*** Opening of THE DATA ***

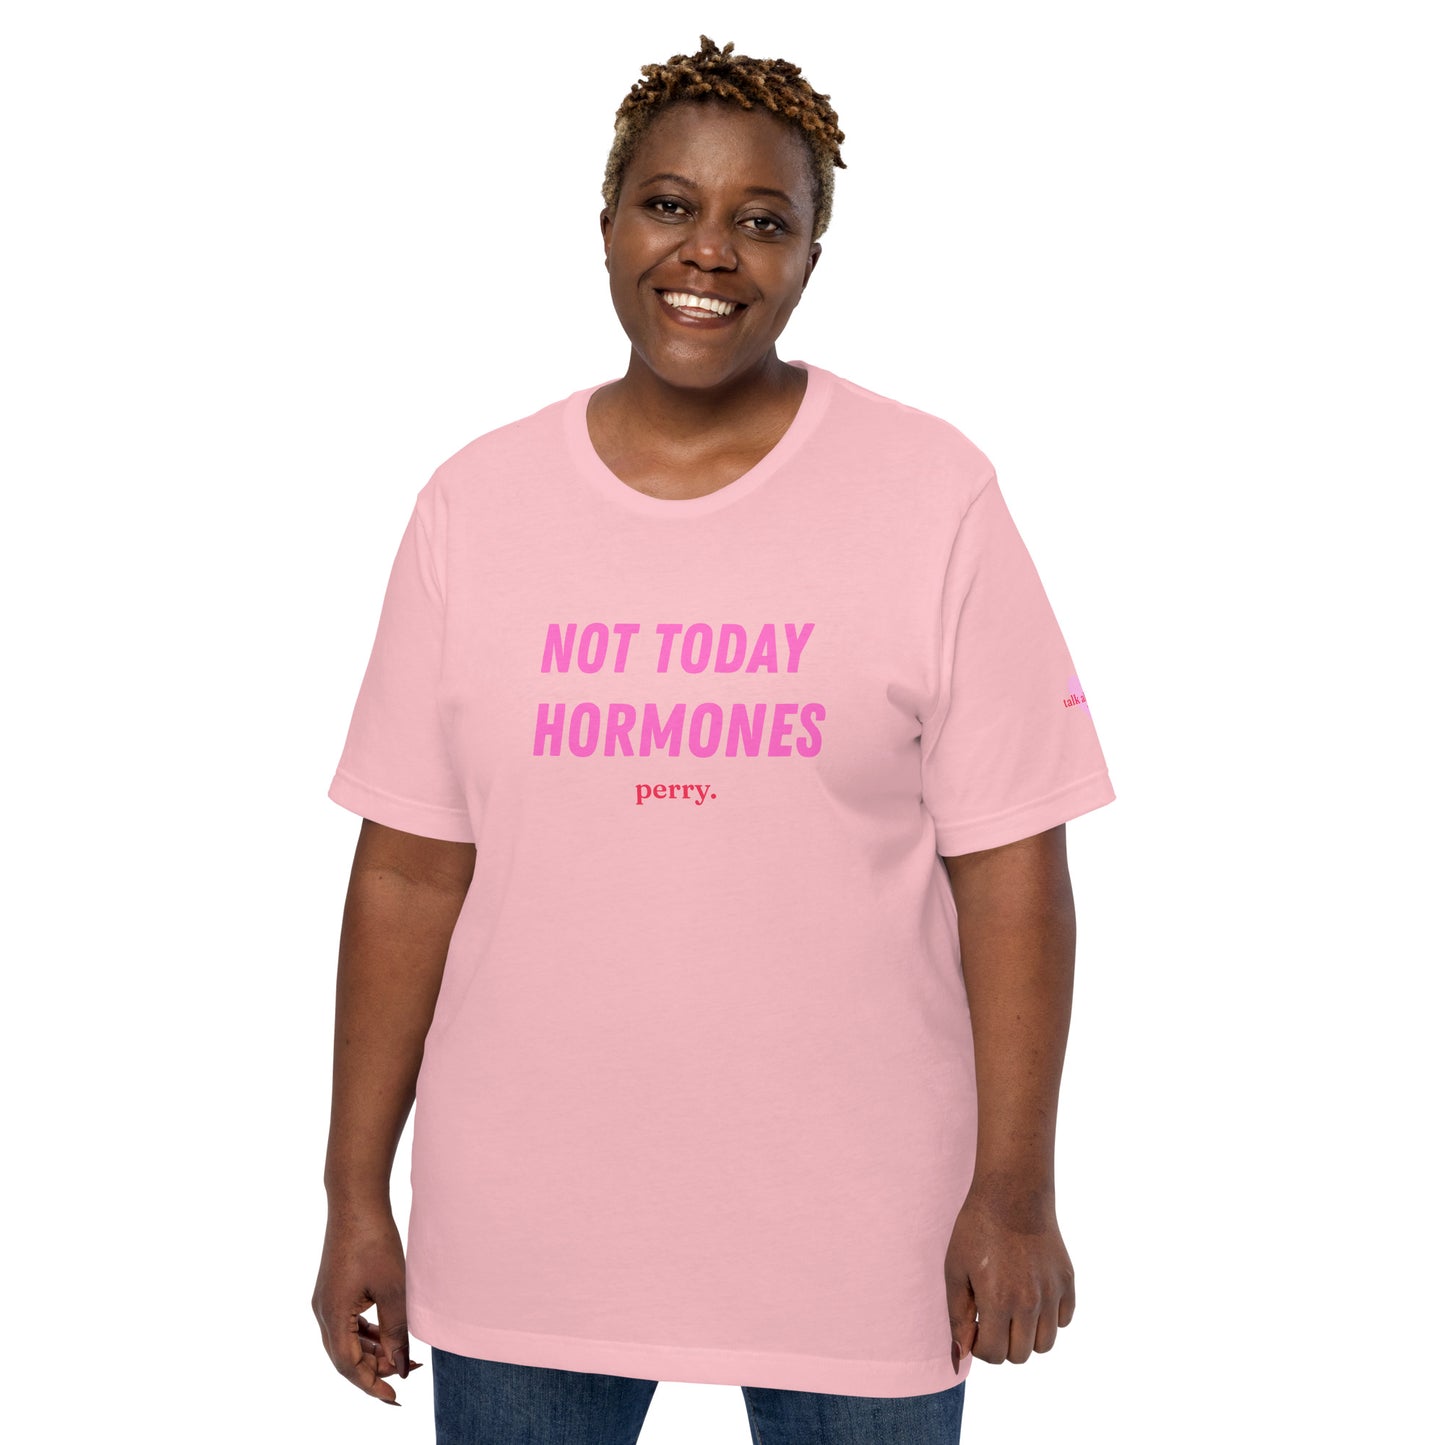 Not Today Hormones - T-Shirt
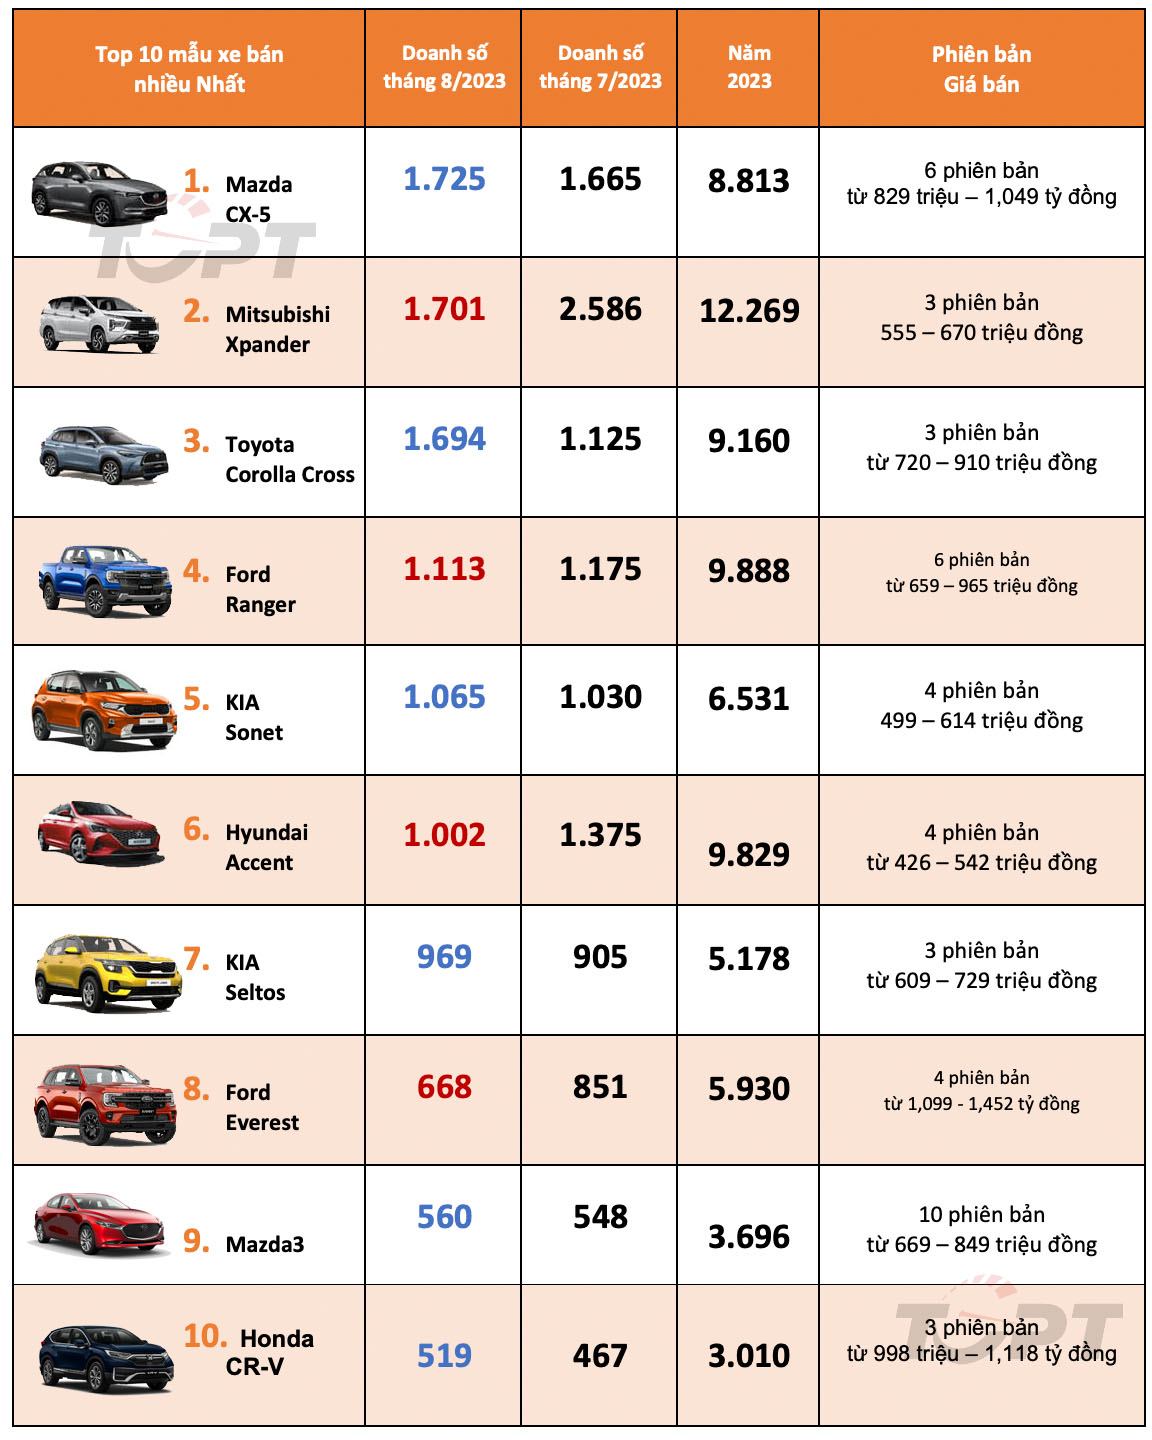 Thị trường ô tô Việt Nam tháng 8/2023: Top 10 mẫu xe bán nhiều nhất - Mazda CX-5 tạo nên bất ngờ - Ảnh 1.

*** Close of THE DATA ***
*** Opening of THE DATA ***

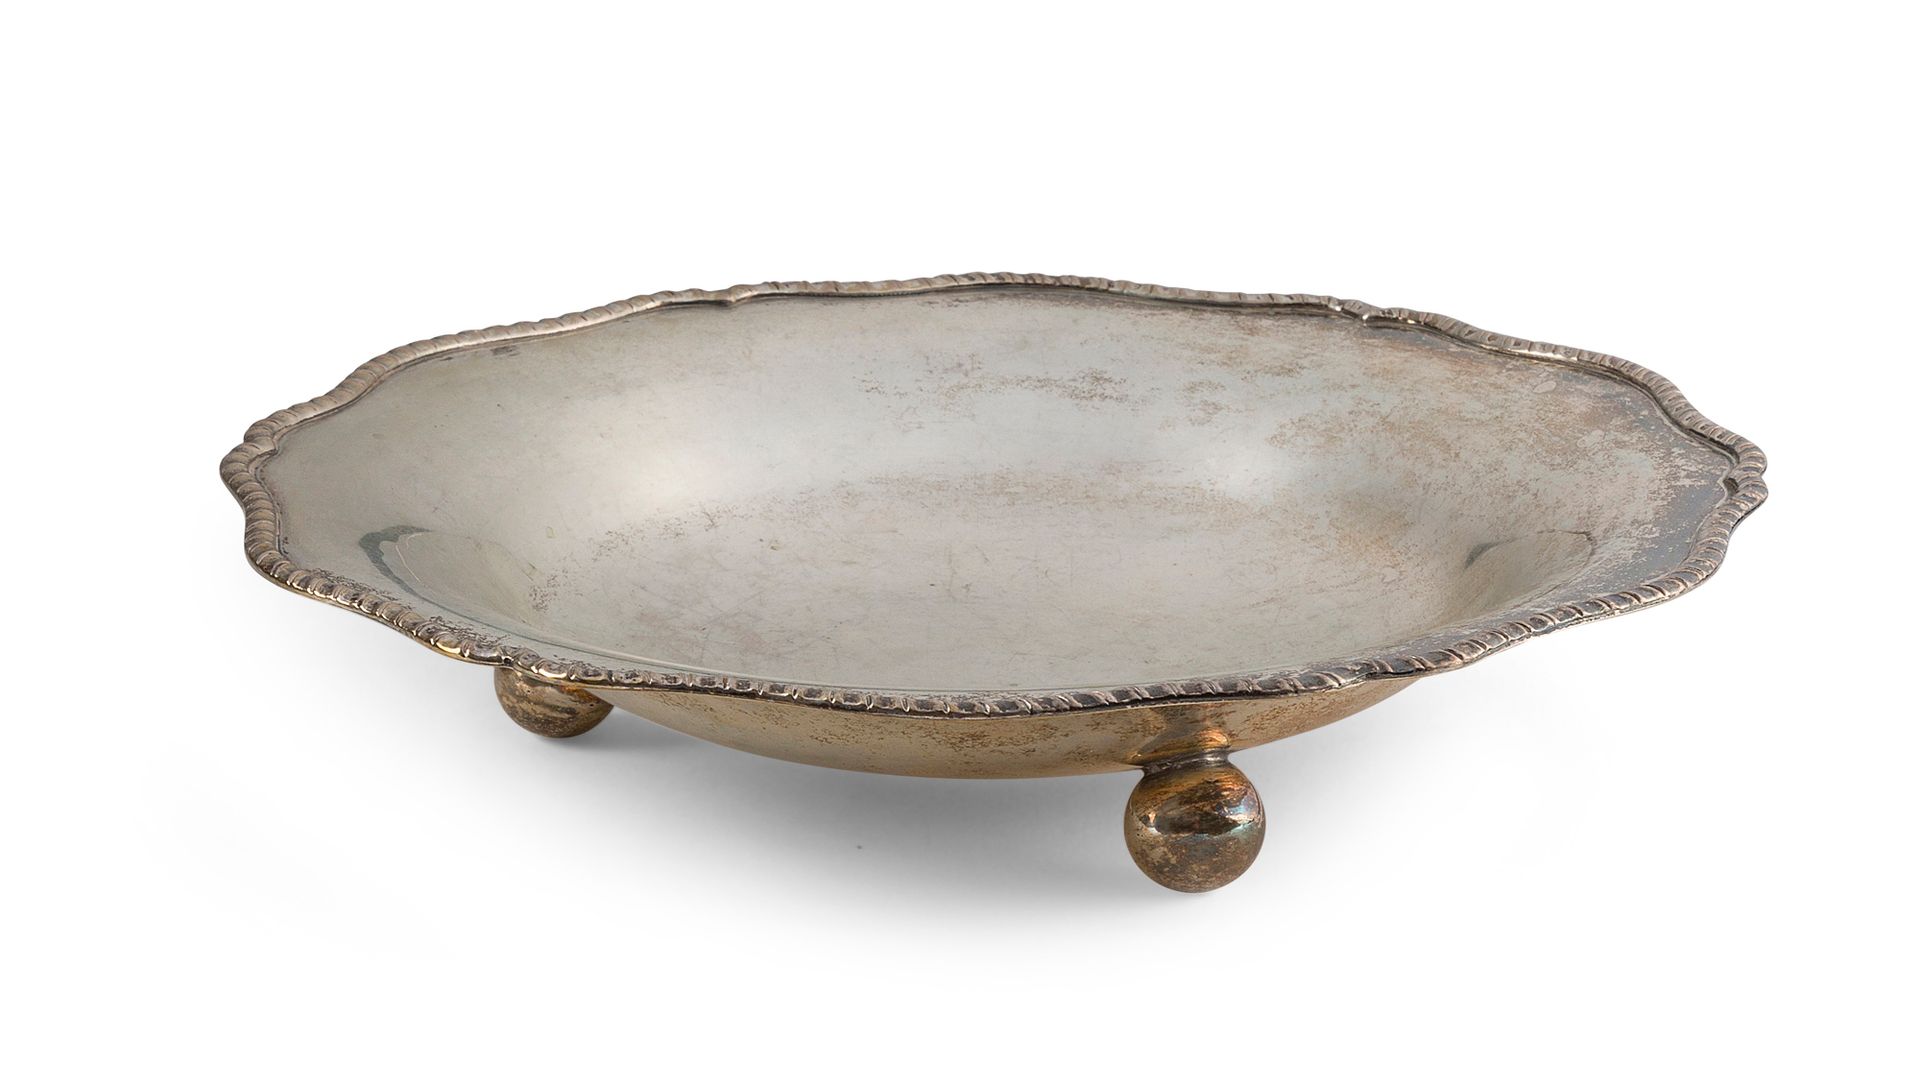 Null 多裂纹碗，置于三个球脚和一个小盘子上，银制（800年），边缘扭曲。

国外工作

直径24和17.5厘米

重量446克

*** Close of THE DATA ***
*** Opening of THE DATA ***

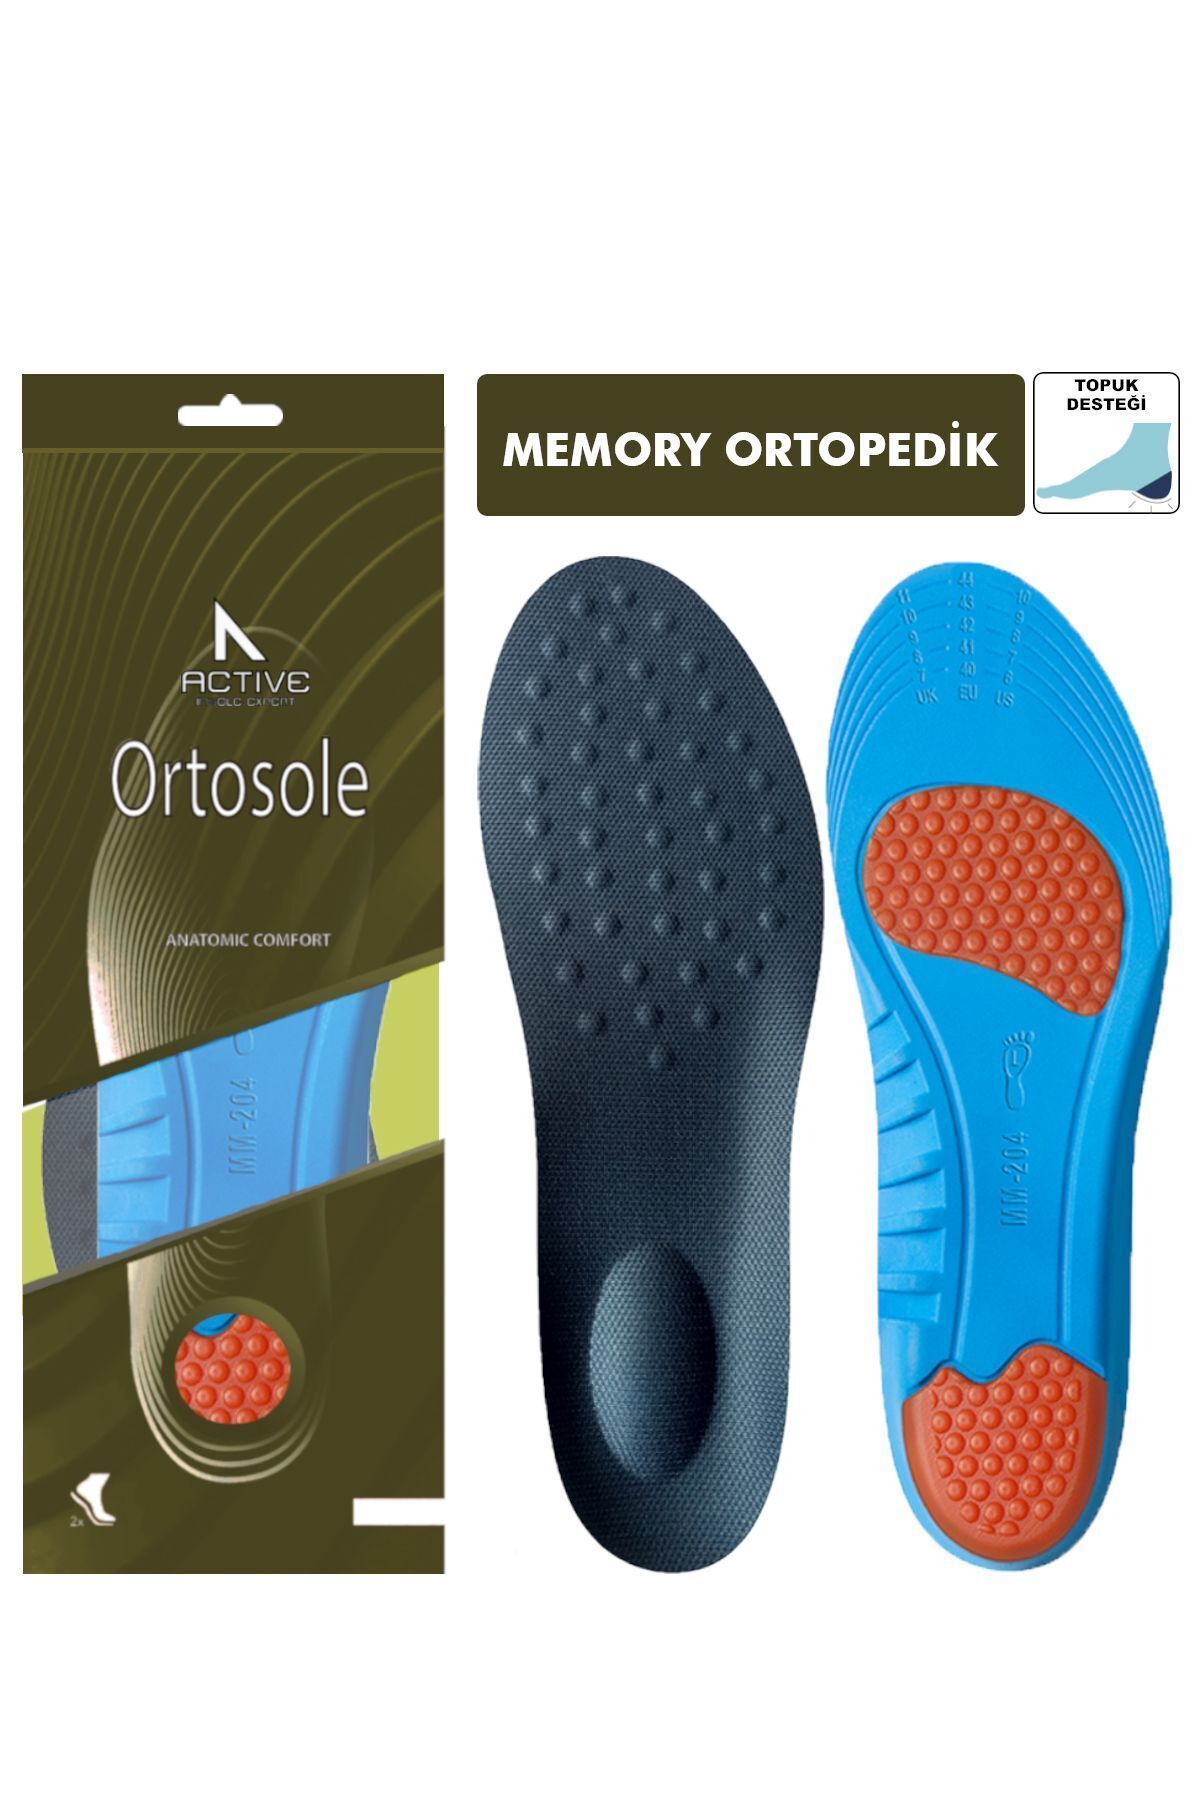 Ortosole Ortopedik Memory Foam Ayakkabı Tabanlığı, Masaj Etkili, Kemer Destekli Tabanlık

*** Close of THE DATA ***

- **TASK TO CARRY OUT**:
Only one part of the listing is wanted: the lines from the one containing "Not Today Hormones - T-Shirt" through the one containing "Thị trường ô", both included. Please transcribe it exactly, leaving out the pictures.

- **COMPLETED EXERCISE**:
 Not Today Hormones - T-Shirt
 Thị trường ô tô Việt Nam tháng 8/2023: Top 10 mẫu xe bán nhiều nhất - Mazda CX-5 tạo nên bất ngờ - Ảnh 1.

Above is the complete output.